Felix Frank wrote (Thu May 07 2009 08:52:41 GMT+0200 (CEST))
Secondly, we have another issue that occurs with mmap when the file
of the size being mmap'd is larger than the cache size. This has also
only been observed where an application does mmap, close, write. This
problem is currently unfixed, but has only been observed with Linux
kernels that don't have the BDI starvation fixes. Is that a valid
summary?
Exactly (almost), but for this to work, the file needs not even be closed
prior to writing.
Attached is yet another version
of the test program. It reproduces errors in Linux 2.6.18-128.1.6.el5xen
with
50 MB disk cache (test file is 120MB).
It will write using mmap, then unmap, then mmap again to read data back.

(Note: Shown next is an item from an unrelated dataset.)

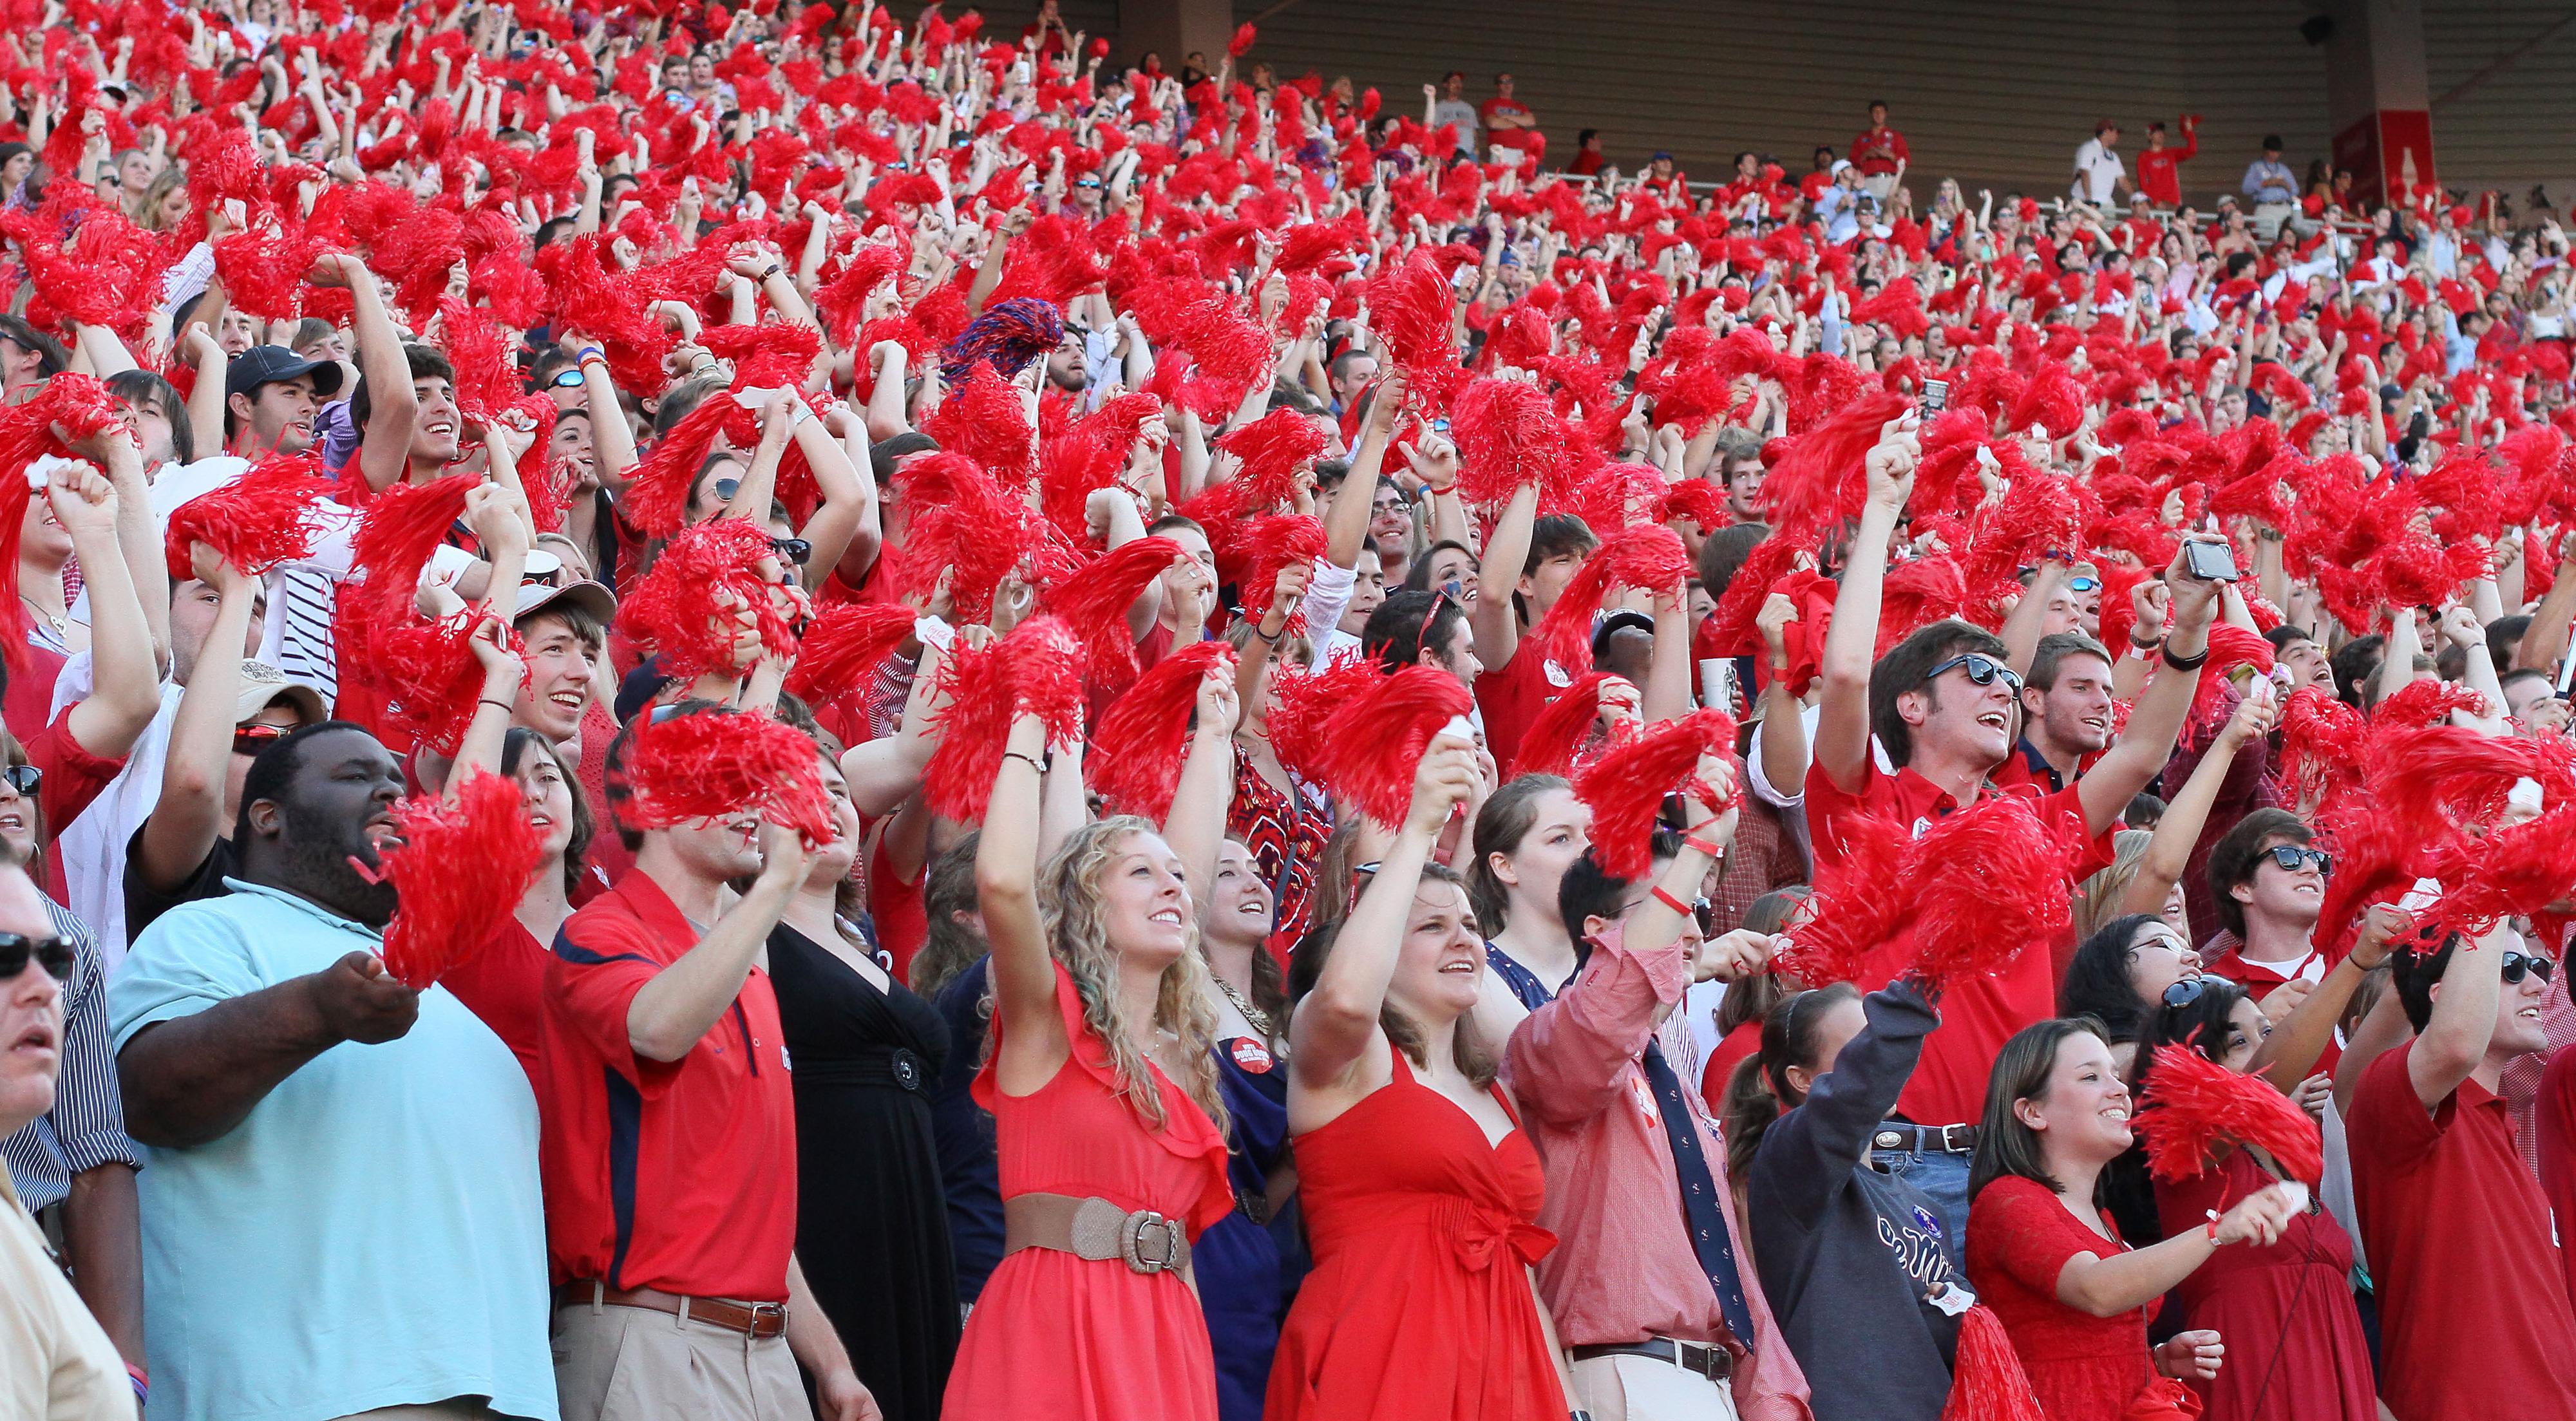 Nothing strikes fear in a Texan like a bumpkin waving a pom-pom.

When invoked with -a, the call posix_fadvise(fd, 0, SIZE,
POSIX_FADV_DONTNEED)
prior to remapping is suppressed. I guess it tells the kernel to discard
any
VM pages that hold data from the file of fd. So with -a, the program
runs fine
even in AFS, but that's cheating: Running with -r afterwards reveals that
some data has not got written to the cache after all.
So yes, with the mentioned kernel there is possible data loss with files
larger
than the cache (although 100MB file vs 50MB cache seems to work).
I'd be interested if that's reproduceable with newer kernels.
I finally got a hold of a box that I could setup with a different
distro. I'm sad to report that I managed to reproduce the faulty
behaviour on Linux 2.6.29-4.slh.1-sidux-amd64.